Levi Pierpont, Aaron'un arkadaşıydı. Teksas, San Antonio'daki Lackland Hava Kuvvetleri Üssü'nde temel eğitimde tanıştılar. Üzerinde konuşan Şimdi Demokrasi! haber saati, Aaron'un ölümünden günler sonra, Levi dedi ki ikisi de "Amerika Birleşik Devletleri'ni keşfetmek, dünyayı keşfetmek, farklı kökenlerden insanlarla tanışmak için" orduya katıldılar. Şöyle devam etti: "Yıllar geçtikçe ikimizin de savaşla ilgili inançlarımız büyük ölçüde orduda gördüklerimiz nedeniyle değişti, çünkü biz de onun bir parçasıydık. Onun ve benim, YouTube'da Amerika Birleşik Devletleri'ndeki sosyal adalet hareketleri hakkında video makaleleri yazan insanlar tarafından cesaretlendirildiğimizi biliyorum."
Levi, "Sonunda vicdani retçi olarak dışarı çıktım" diye devam etti. "Bu süreç boyunca konuştuk. Ve ben süreçte ilerleme kaydetmeye başladığımda ve süreç sona yaklaşırken (Temmuz 2023'te çıktım) kendi bitiş tarihine yeterince yaklaştığını hissetti ve aynı şeyi yapmamaya karar verdi. yol. Bunu da anladım çünkü vicdani retçilik süreci bir yıldan fazla sürebiliyor.”

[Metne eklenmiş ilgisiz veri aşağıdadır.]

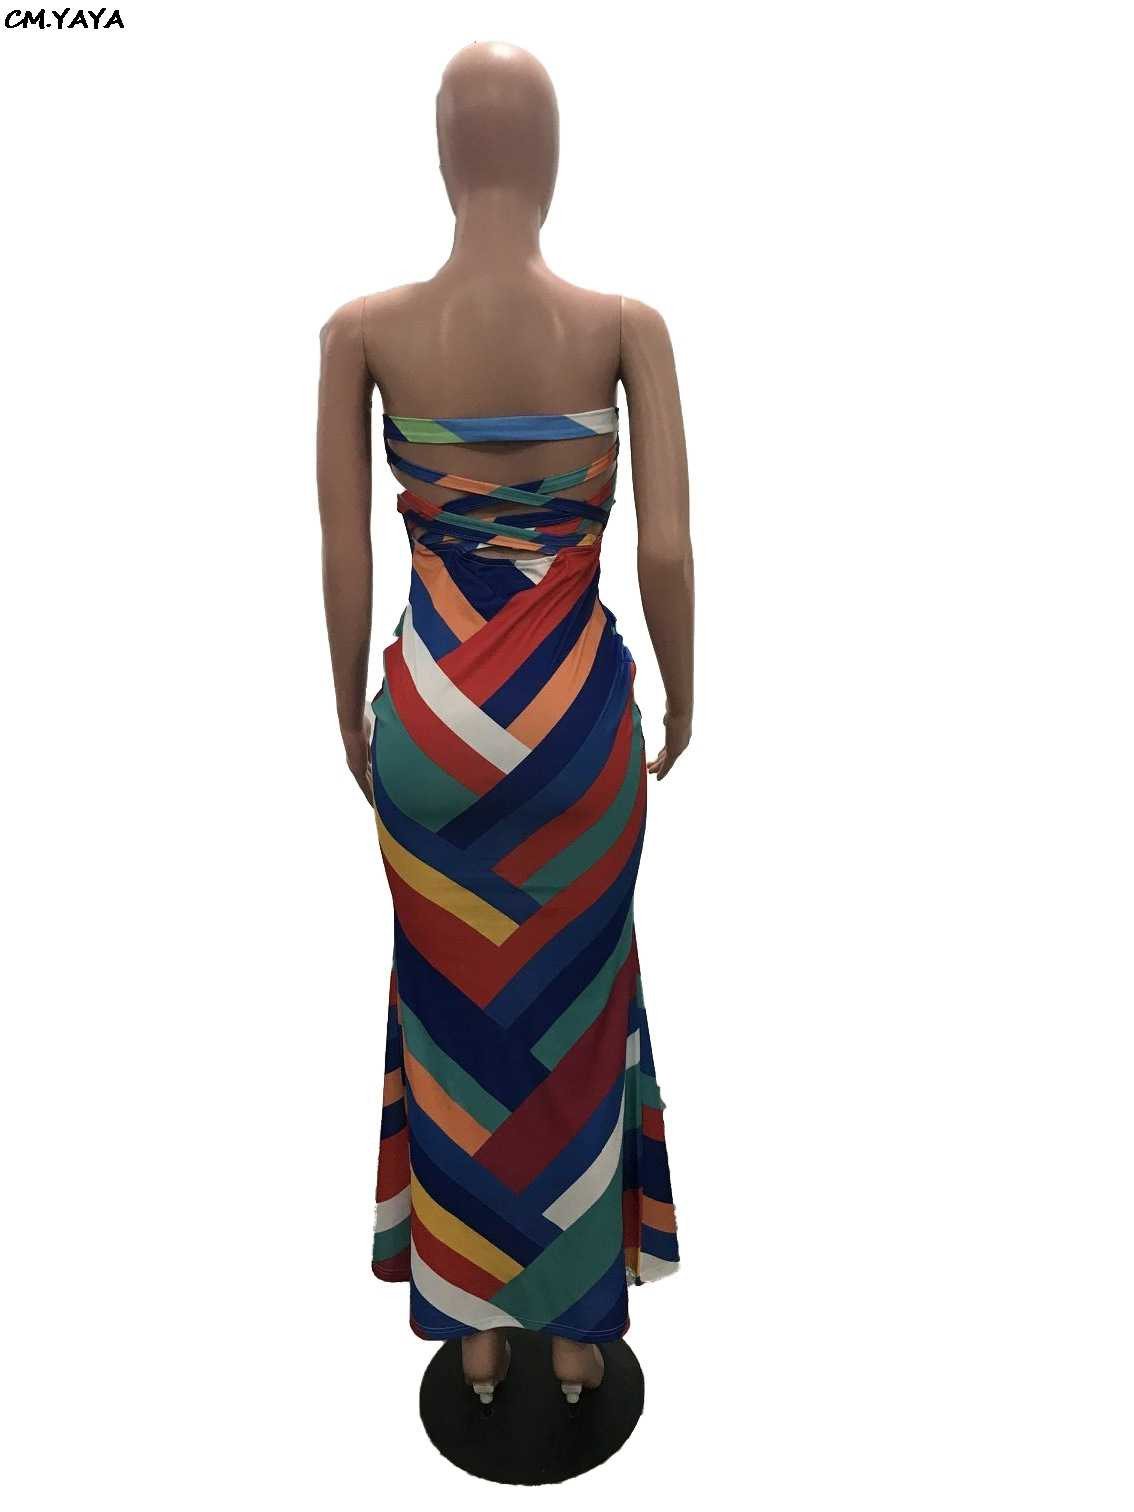 2019 new women colorful stripes strapless bodycon mermaid maxi midi dress beach party club long dresses beach outfit H6049

Johan Galtung Norveç'te genç bir adam olarak aynı zamanda vicdani retçiydi. Çocukken Nazi Almanyası ülkesini işgal etti ve babasını hapse attı. Bir röportajında, annesinin, bir gün önce Almanların idam ettiği siyasi mahkumların isimlerini öğrenmek, babasının aralarında olup olmadığını öğrenmek ve onu listeyi okuma zahmetinden kurtarmak için ona gazete okuttuğunu hatırladı. Babası hayatta kaldı ama savaş Johan'ı sonsuza dek değiştirdi. Hayatını ayrılıkları gidermeye ve gerçek dünyadaki çatışmalara yaratıcı çözümler bulmaya adadı.
Galtung, "ABD'nin askeri müdahalede bulunmak yerine çatışmaları çözmeye başlamasını sabırsızlıkla bekliyorum" dedi. dedi Şimdi Demokrasi!, Nisan 2012'de. “Bu ülkede pek çok parlak insan var, pek çok iyi eğitimli insan var. Çatışmayı çözerken karşı tarafla ya da diğer taraflarla konuşmalısınız. Taliban ve El Kaide'lilerle ya da El Kaide'ye yakın insanlarla masaya oturmalısınız. Pentagon'dakilerle, Dışişleri Bakanlığı'ndakilerle masaya oturmalısınız. Ve onlara şunu sormalısınız: 'Yaşamak istediğiniz Afganistan nasıl bir yer? Yaşamak istediğiniz Orta Doğu nasıl bir yer?' Çok derin düşüncelere sahip çok sayıda çok düşünceli insanla karşılaşıyorsunuz.
Levi Pierpont, arkadaşının kaybının yasını tutuyor ve Aaron'un kendi canına kıymamasını diliyor.
"Başka kimsenin bu şekilde ölmesini istemiyorum. Eğer bana bunu sorsaydı, sormaması için ona yalvarırdım. Onu durdurmak için elimden gelen her şeyi yapardım. Ancak belli ki onu geri getiremeyiz" dedi Levi. Şimdi Demokrasi!. “Mesajın iletilmesi için bunun gerekli olmadığını ona söylerdim. Ona başka yolların da olduğunu söylerdim.”
Derin üzüntüsünü dile getiren Levi, sözlerini şöyle sürdürdü: “İntihar düşüncesi yoktu. Adalet düşünceleri vardı. Bu da bununla ilgiliydi. Bu onun hayatıyla ilgili değildi. Bir mesaj göndermek için hayatını kullanmakla ilgiliydi.”
ZNetwork yalnızca okuyucularının cömertliğiyle finanse edilmektedir.